When a node is removed from the system, the reallocation of the key is the opposite of step (1).

7. Read / write operation

Reads and writes are performed by the request orchestration component, and each client request results in the creation of a state machine on the node that processes the request, each containing the following logic:

Identify the node responsible for a key

Send a request

Waiting for a response.

Possible retry processing

Processing and packaging return the client response.

Each state machine instance processes only one client request, and if it is a read request, the state machine is as follows:

Send a read request to the appropriate node

Wait for the minimum number of responses required

If too few responses are received within a given time, the request fails

Otherwise, collect the version of all the data and determine the version to be returned

If version merging is enabled, syntax coordination is performed and a write context that is opaque to the client is generated, which contains a vector clock that includes all versions.

After returning the read response to the client, the state machine waits for a period of time to accept any pending response, and if any response returns an outdated version, the coordinator updates the nodes with the latest version to complete the read fix.

The write request is usually followed by the read request, and the coordinator is acted as the node with the fastest reply to the read operation, which optimizes to improve read-write consistency.

V. solve the problem

1. Availability

Completely decentralized, no single point, can always be written.

2. Scalability

Consistent hash with virtual machine nodes: consistent hash solves the problem of capacity expansion / reduction, and virtual nodes solve the problem of machine heterogeneity.

3. Reliability

Make multiple copies of the data and use the vector clock to solve the problem of version merging.

4. Configurable

The balance is adjustable, that is, the availability and consistency are balanced according to the (NMagneWMague R) model, and it is suggested that the model parameters are (3meme2mem2).

Thank you for your reading, the above is the content of "how to understand Amazon's website data storage architecture". After the study of this article, I believe you have a deeper understanding of how to understand Amazon's website data storage architecture, and the specific use needs to be verified in practice.
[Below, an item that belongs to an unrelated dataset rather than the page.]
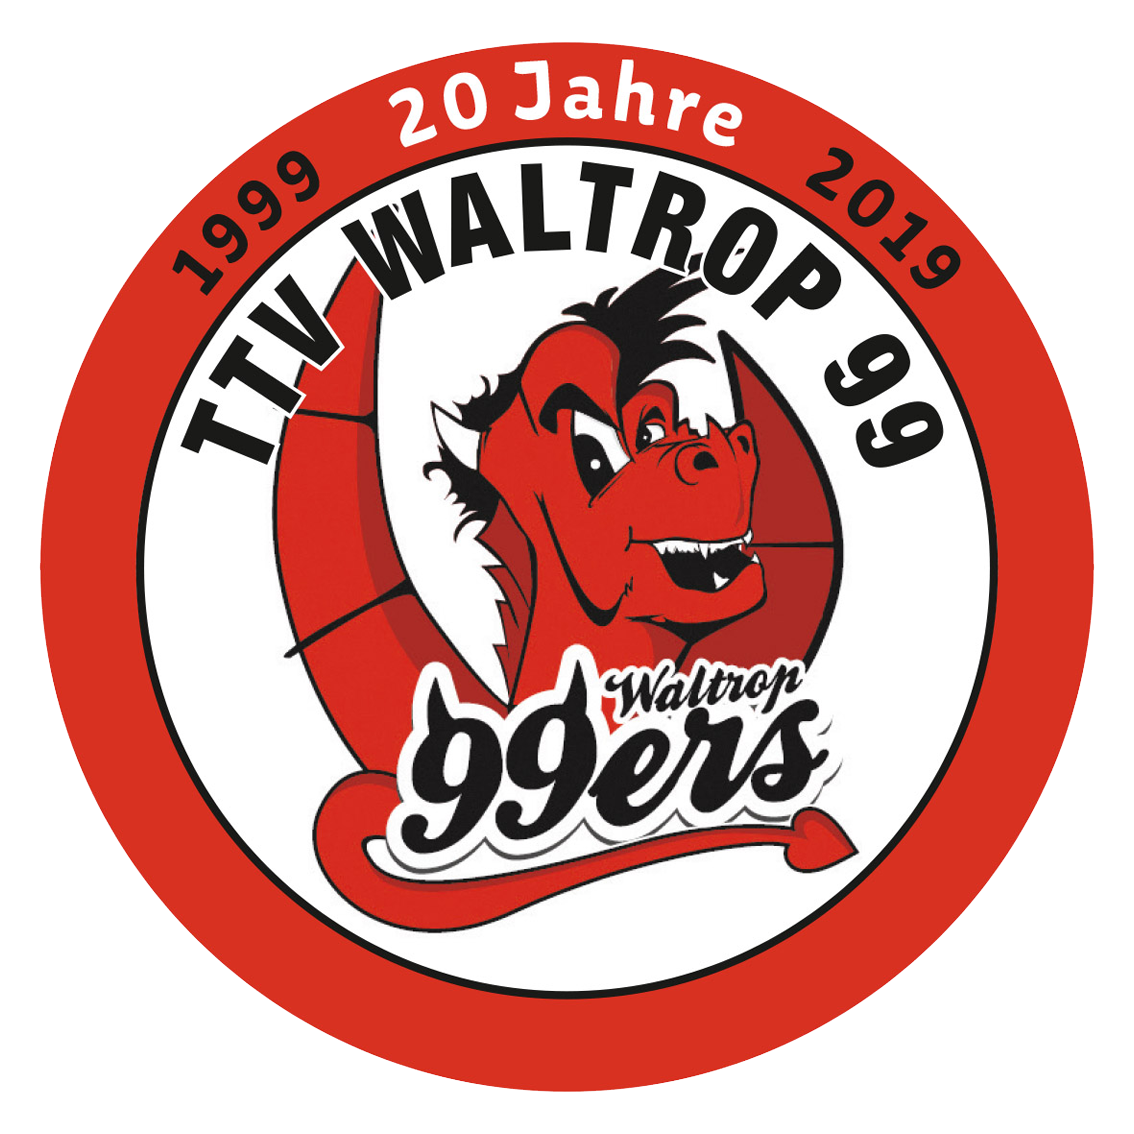 TTV Waltrop 99

Here is, the editor will push for you more related knowledge points of the article, welcome to follow!

Welcome to subscribe "Shulou Technology Information " to get latest news, interesting things and hot topics in the IT industry, and controls the hottest and latest Internet news, technology news and IT industry trends.

*The comments in the above article only represent the author's personal views and do not represent the views and positions of this website. If you have more insights, please feel free to contribute and share.